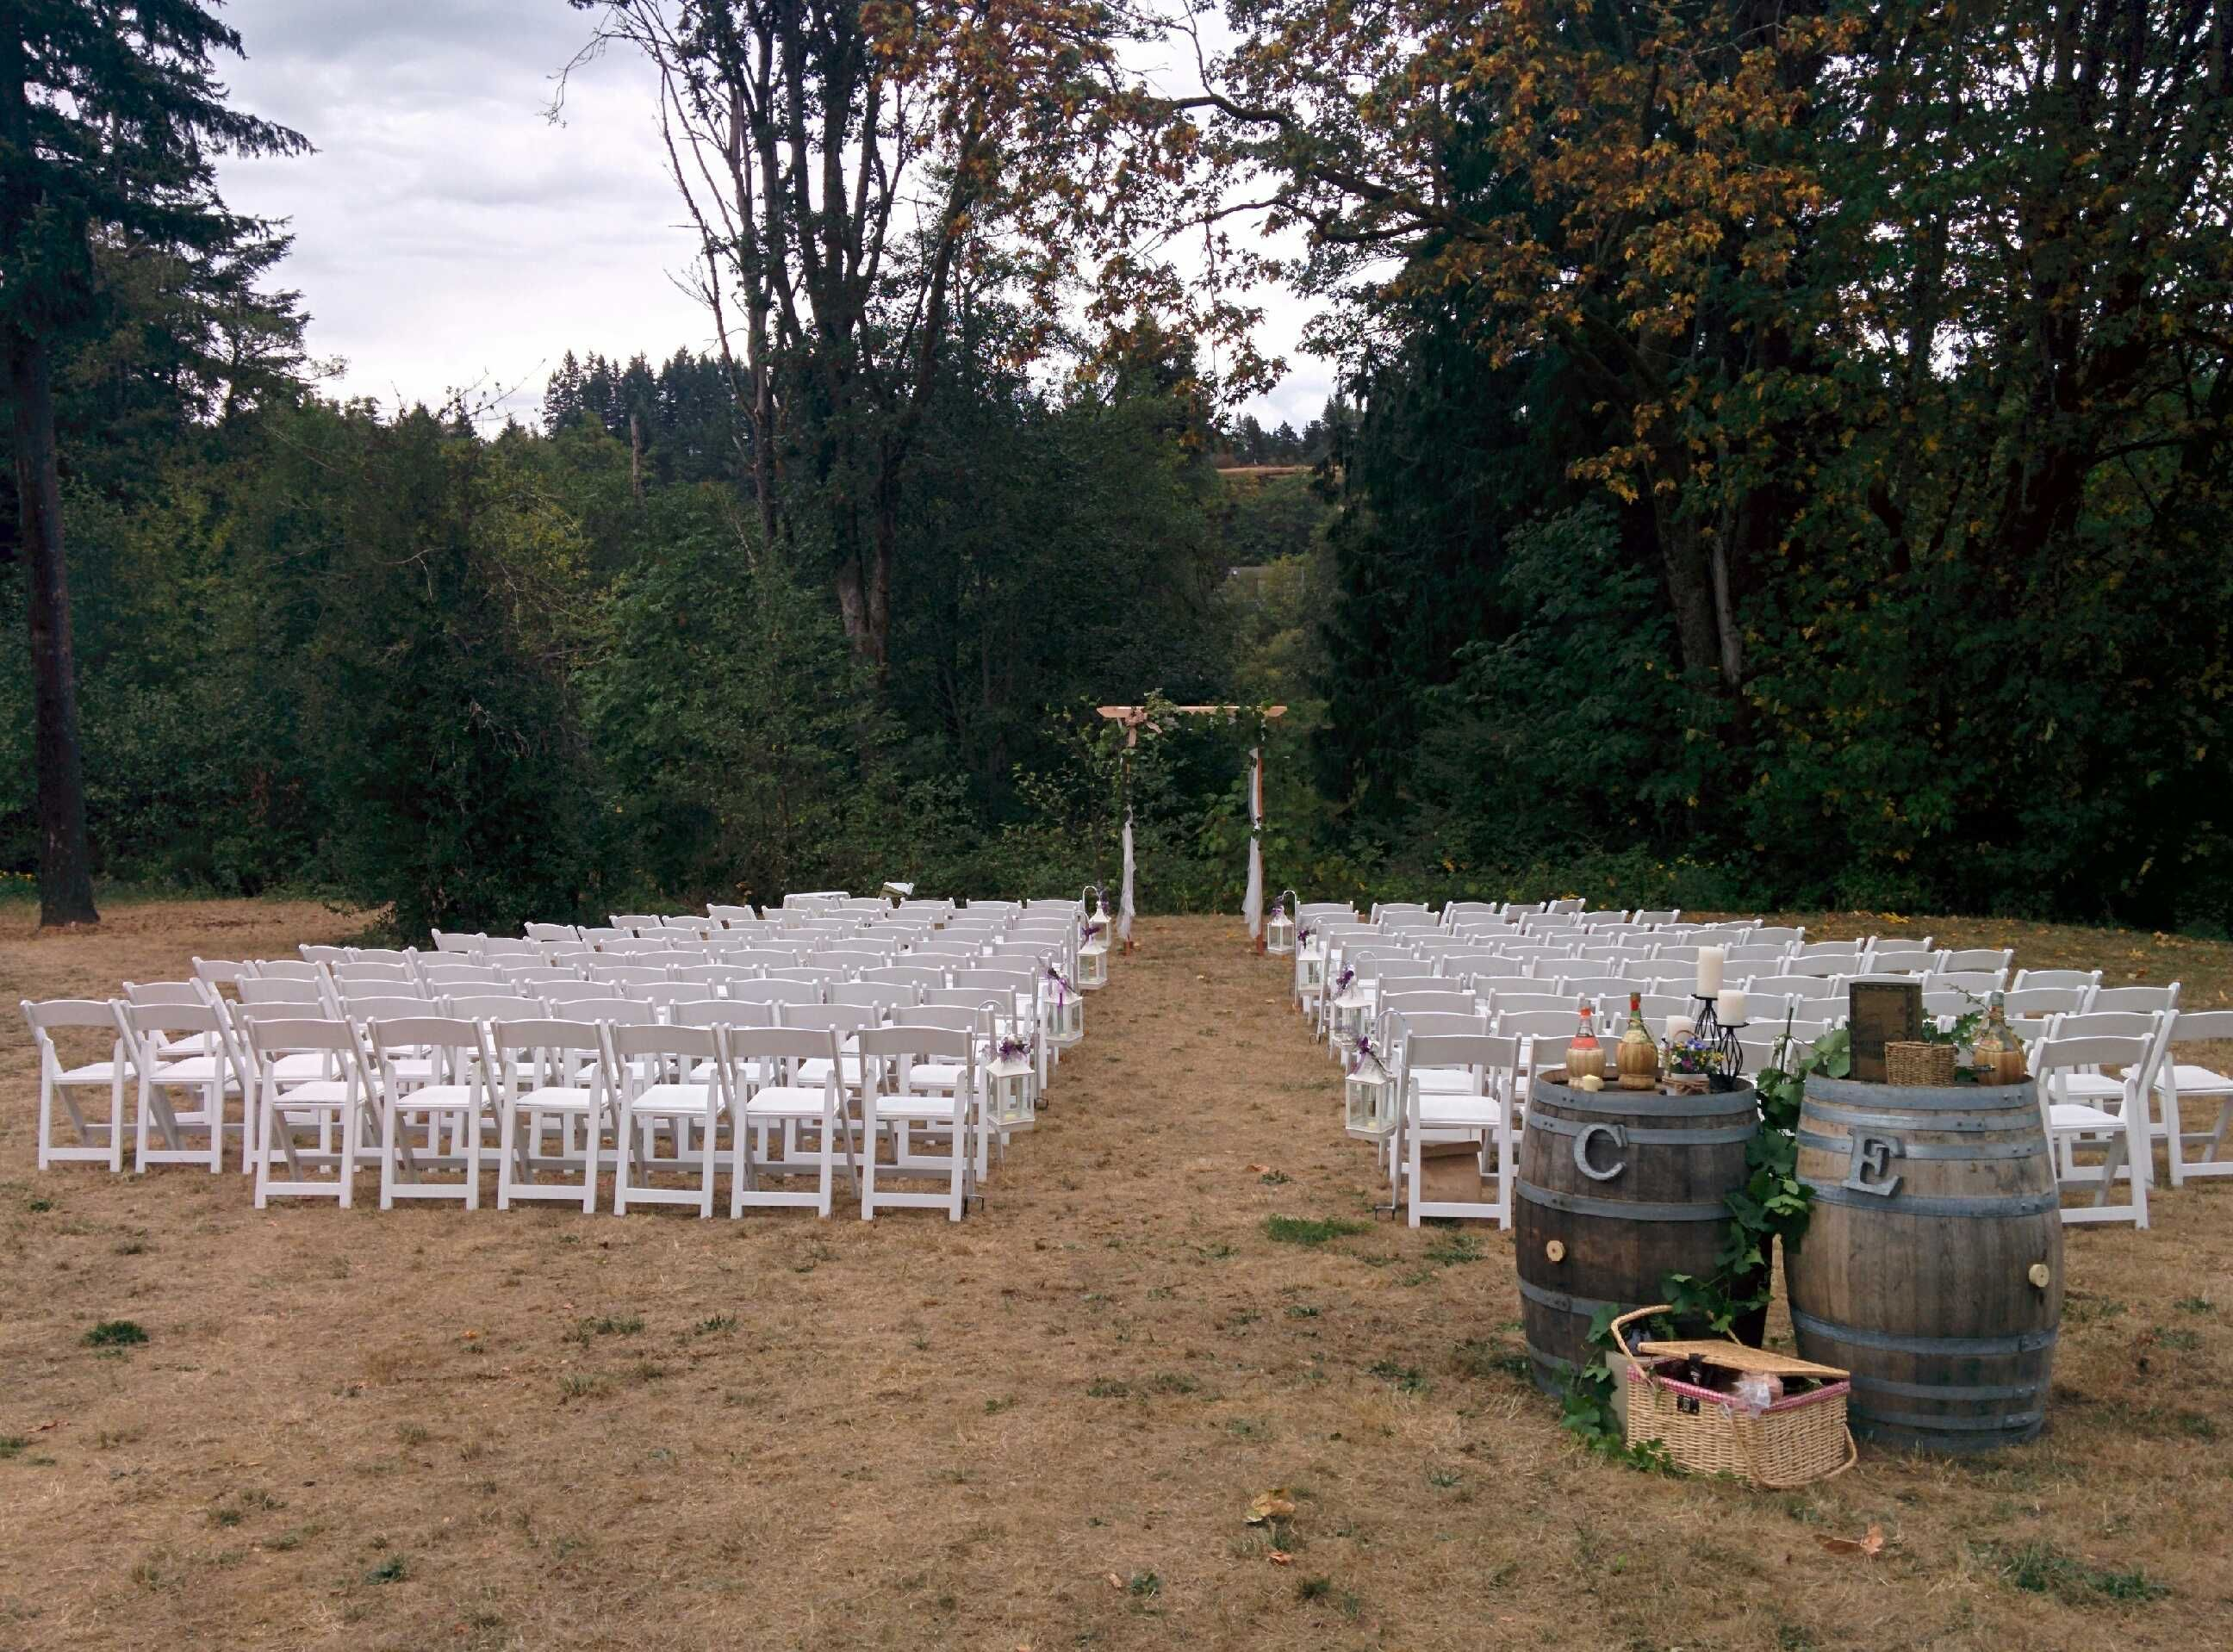 folding chair rental vancouver wicker lounge chairs pool italian theme wedding millstone winery nanaimo island bc aug 2015 decor rentals wood wine barrels ivy greenery
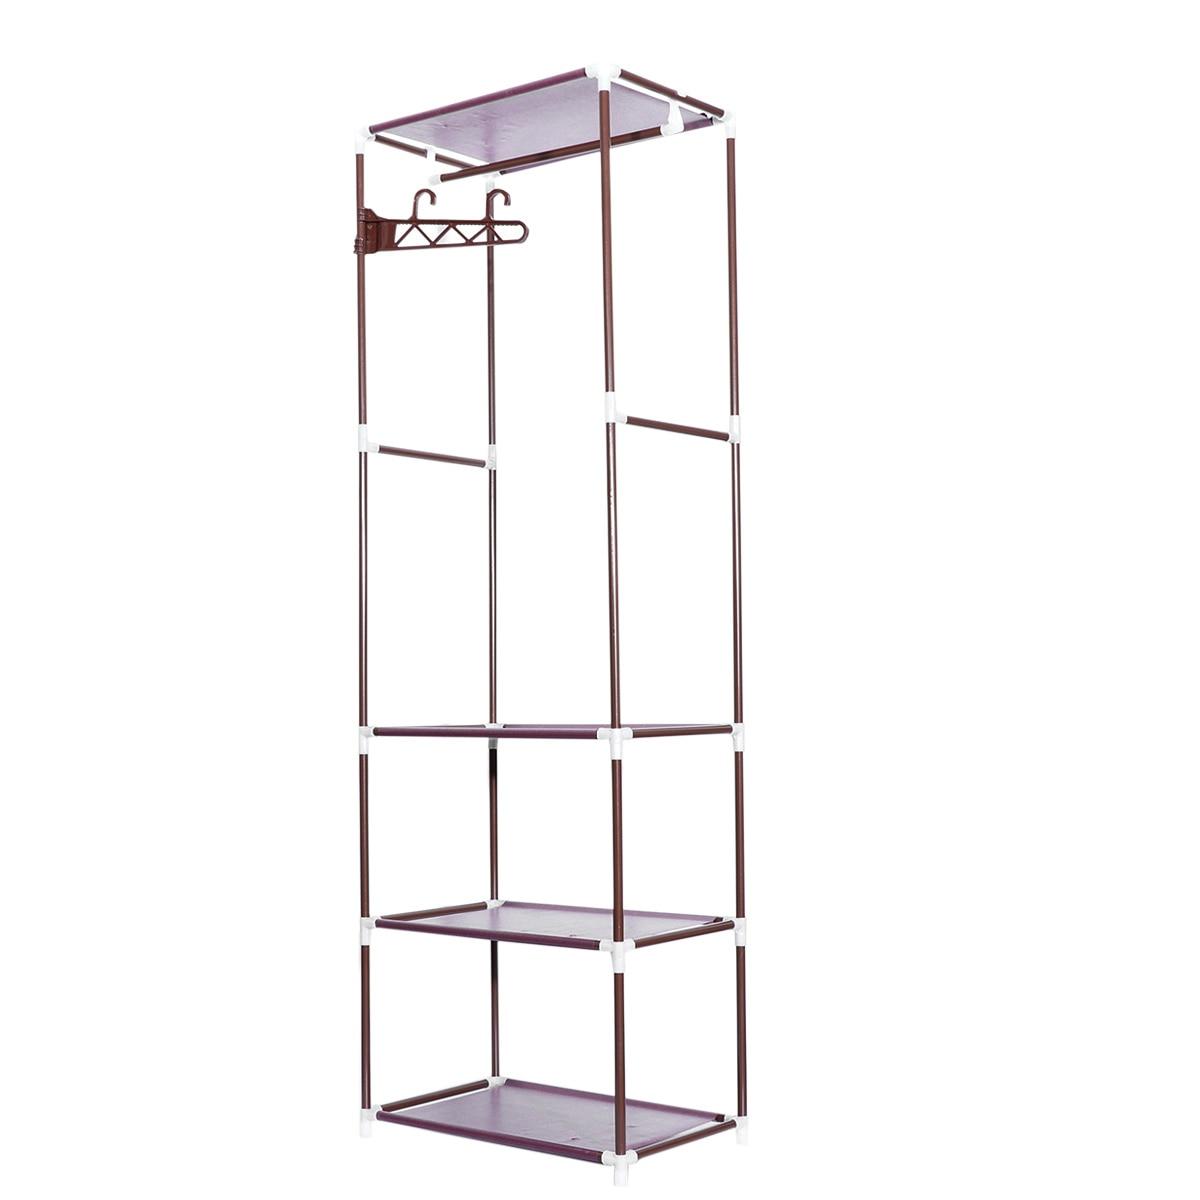 Bathroom Fixtures Bathroom Shelves 1pcs Portable Clothes Rack Organizer Bedroom Garment Floor-standing Shelf Clothing Coat Rack Storage Stand
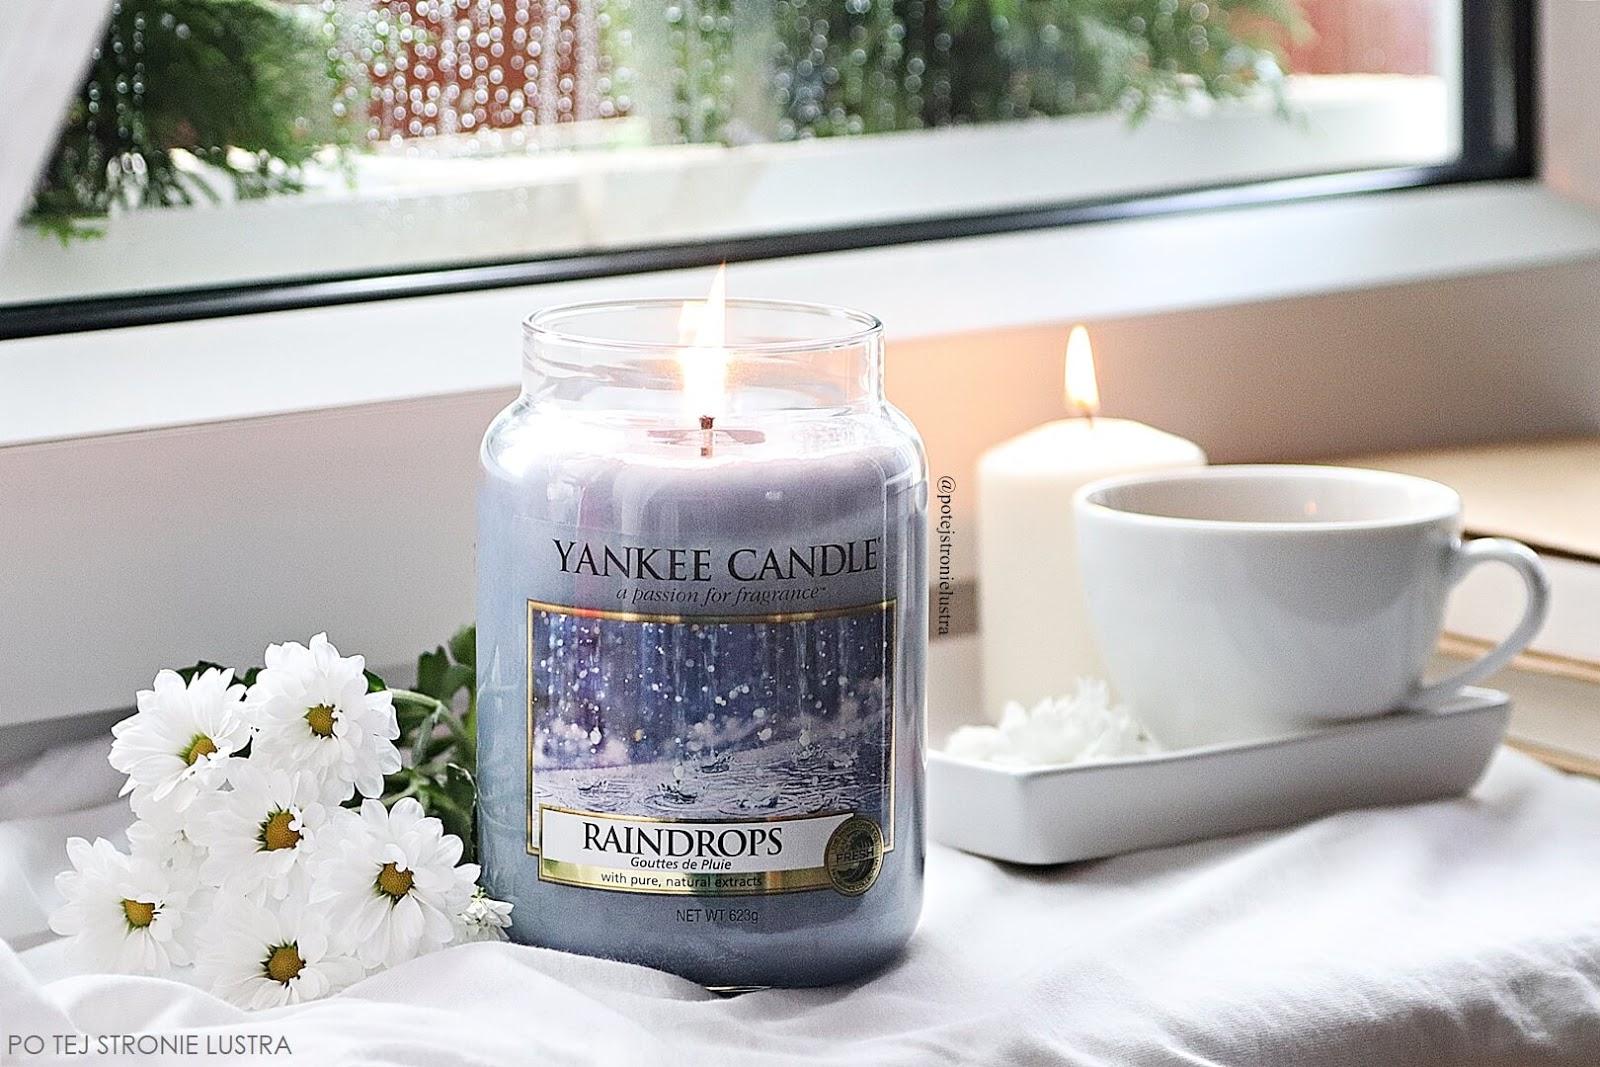 Yankee Candle Raindrops

**Task directions**
Set down the data above word for word, leaving every picture out.

**Solution below**
 folding chair rental vancouver wicker lounge chairs pool italian theme wedding millstone winery nanaimo island bc aug 2015 decor rentals wood wine barrels ivy greenery
 Bathroom Fixtures Bathroom Shelves 1pcs Portable Clothes Rack Organizer Bedroom Garment Floor-standing Shelf Clothing Coat Rack Storage Stand
 Yankee Candle Raindrops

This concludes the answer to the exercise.